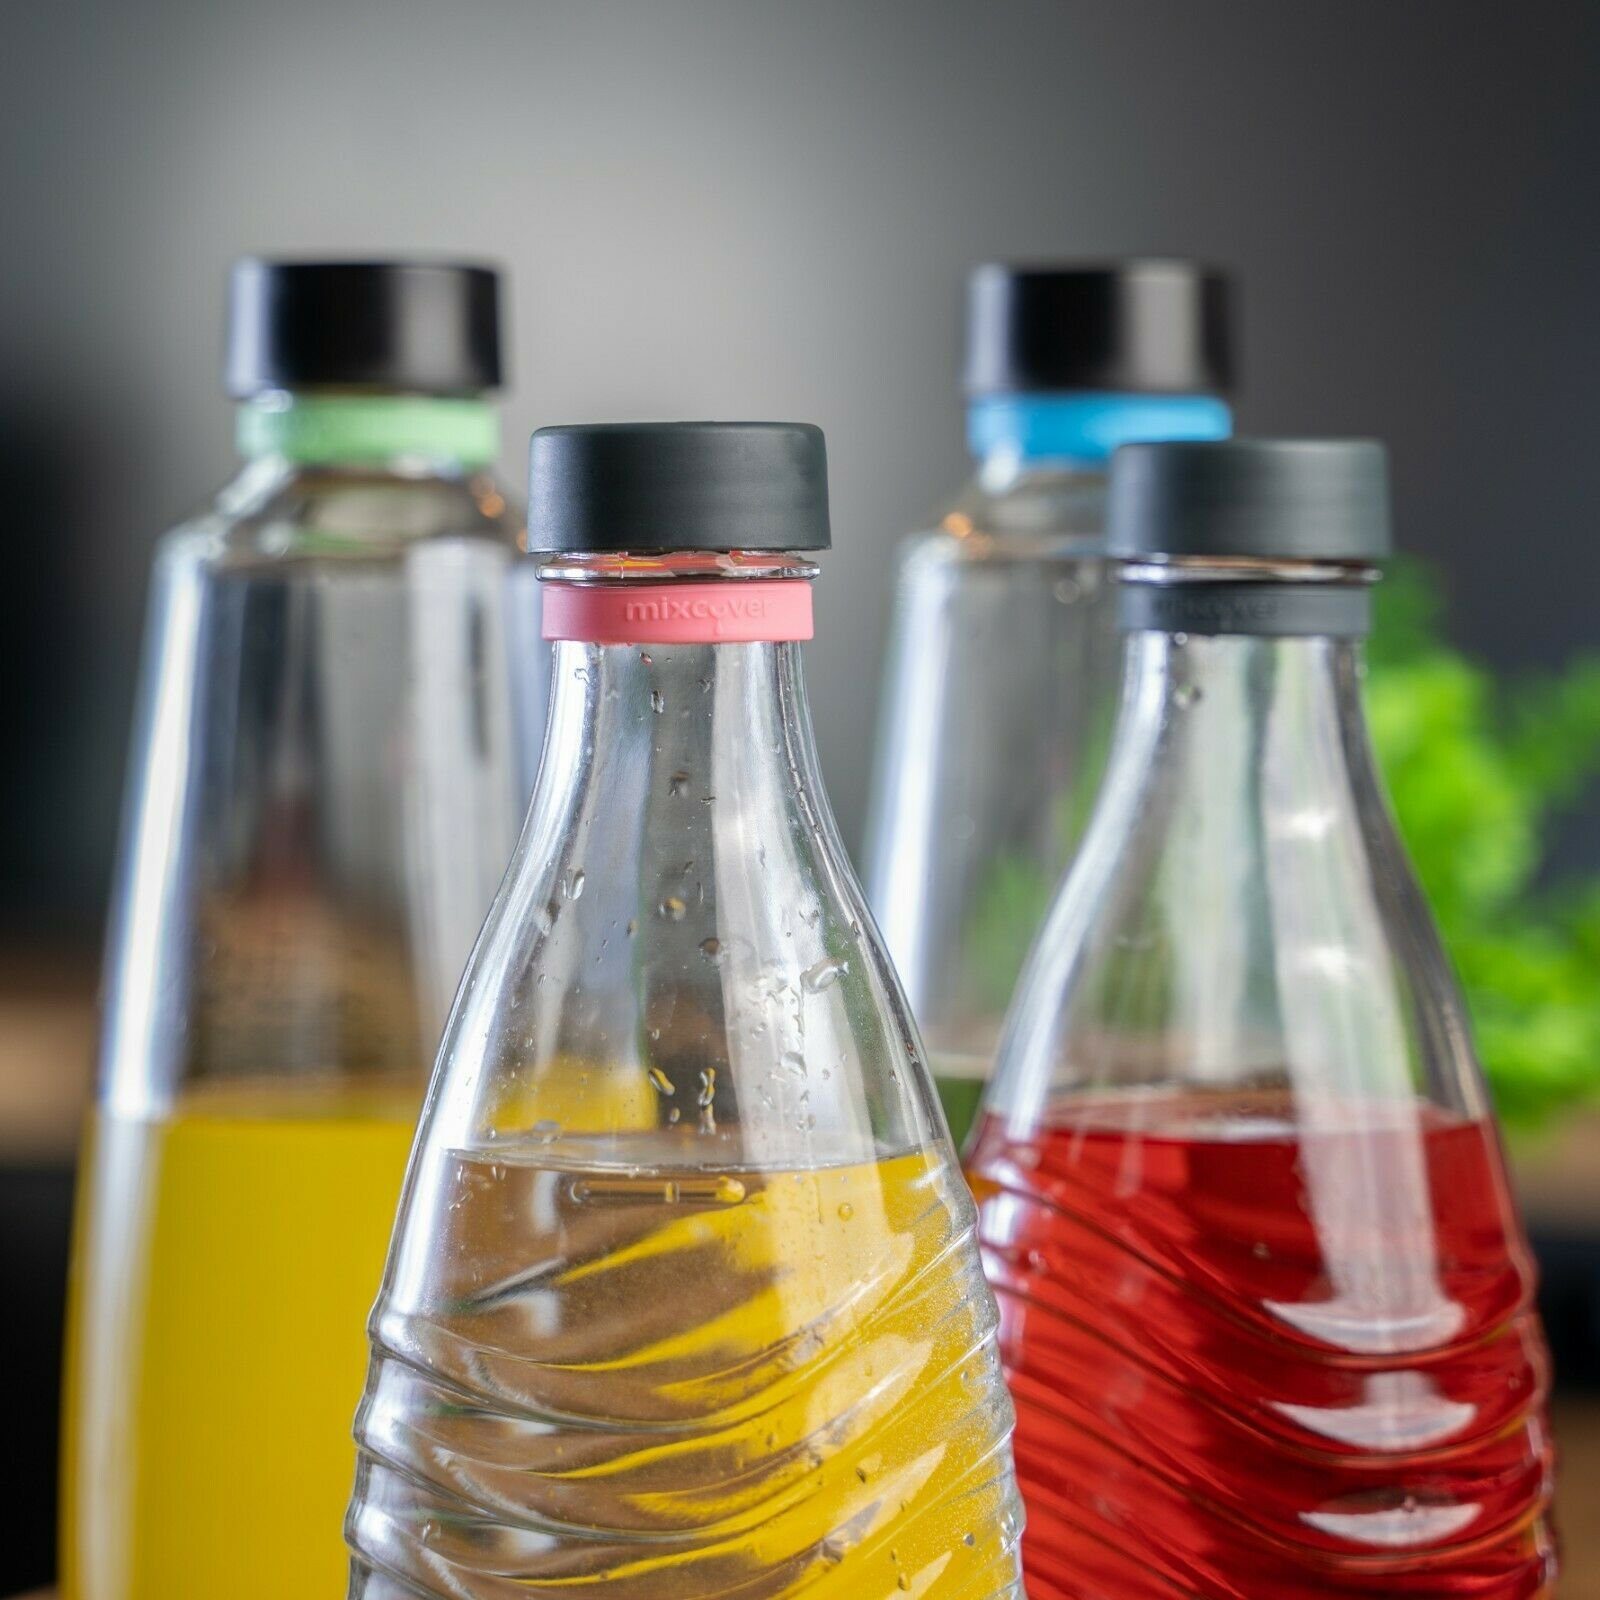 Mixcover Wassersprudler Flasche mixcover Silikonring zum Markieren von Trinkflaschen oder SodaStream Flaschen
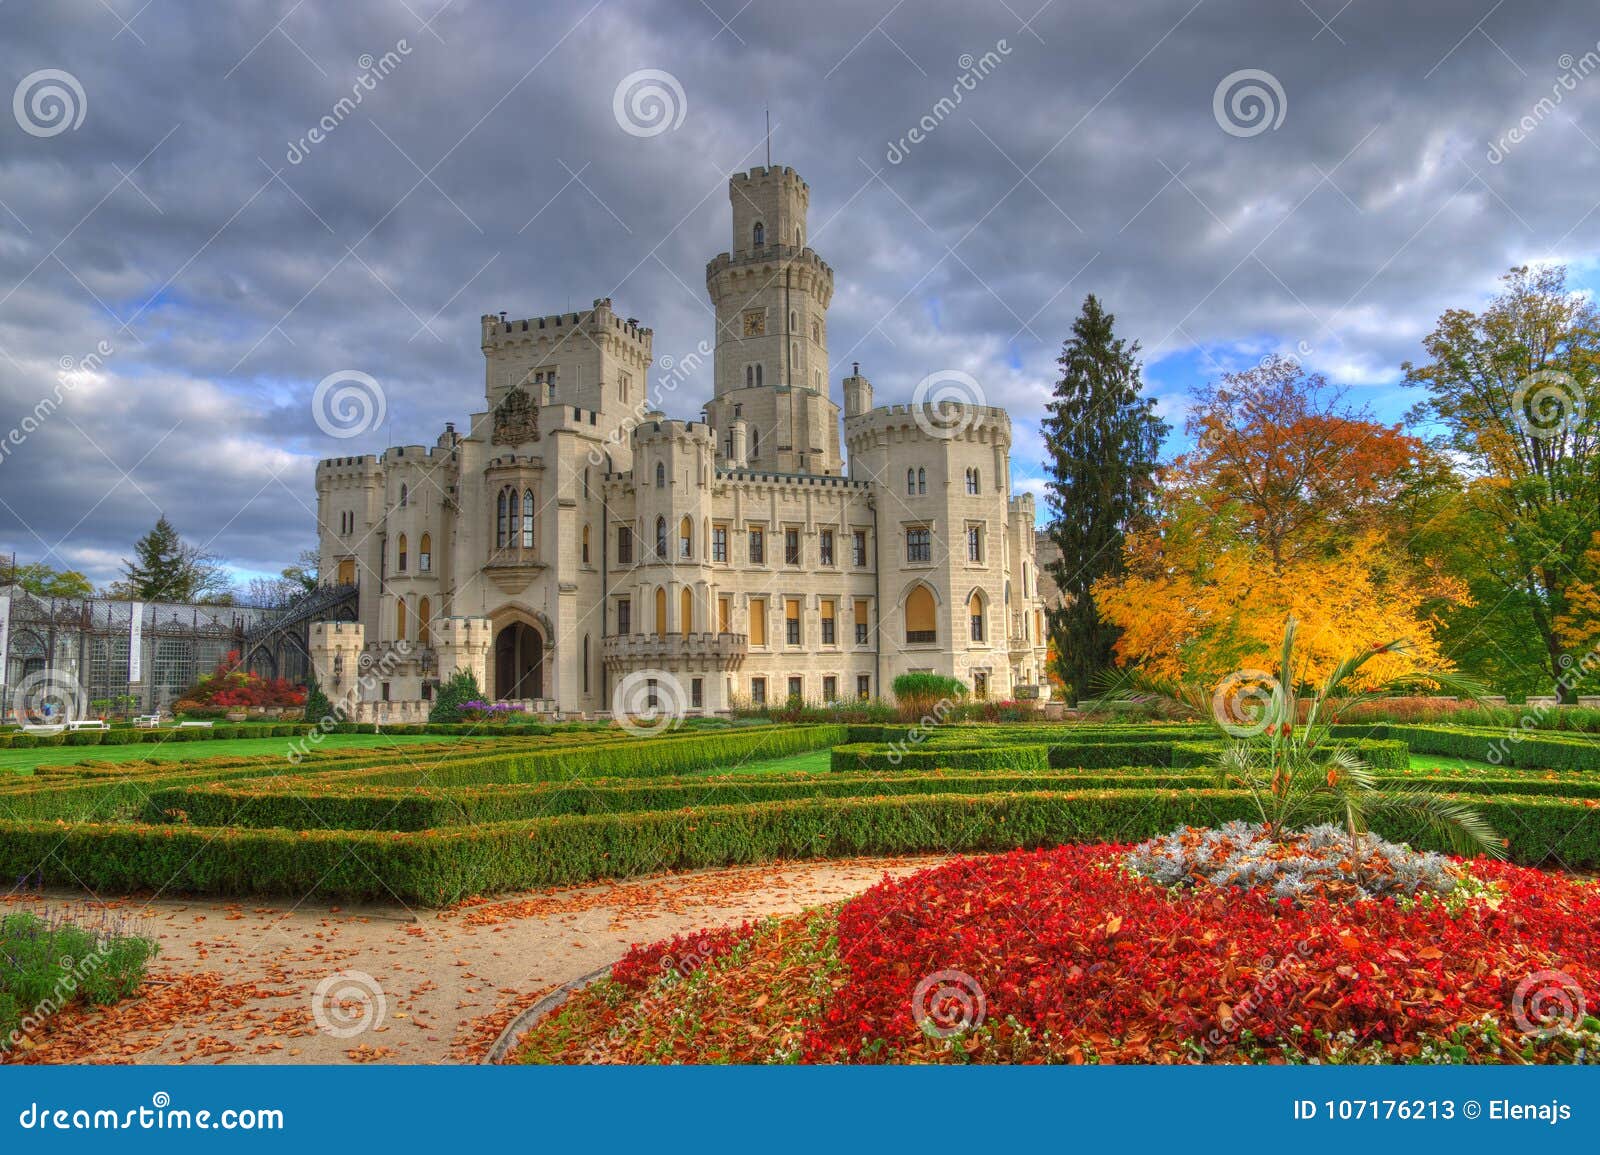 autumn near hluboka castle /zamek hluboka/ , czech republich
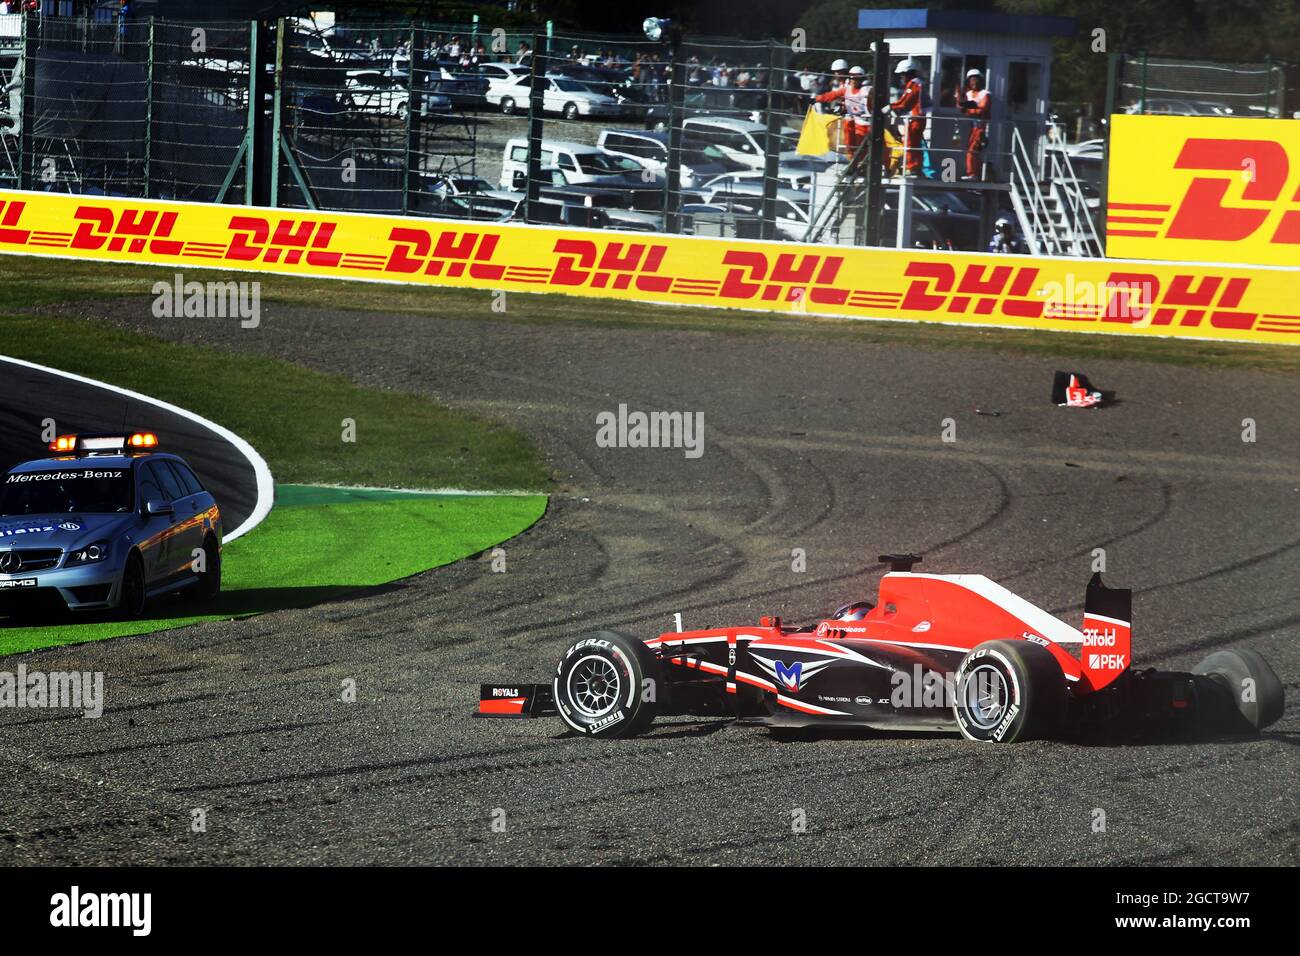 Jules Bianchi (FRA) Marussia F1 Team MR02 s'écrase au début de la course. Grand Prix japonais, dimanche 13 octobre 2013. Suzuka, Japon. Banque D'Images

::::::

TASK PROMPT: Please leave the images out and retype the rest of the material exactly.

TASK SOLUTION:
 Mixcover Wassersprudler Flasche mixcover Silikonring zum Markieren von Trinkflaschen oder SodaStream Flaschen
 autumn near hluboka castle /zamek hluboka/ , czech republich
 Jules Bianchi (FRA) Marussia F1 Team MR02 s'écrase au début de la course. Grand Prix japonais, dimanche 13 octobre 2013. Suzuka, Japon. Banque D'Images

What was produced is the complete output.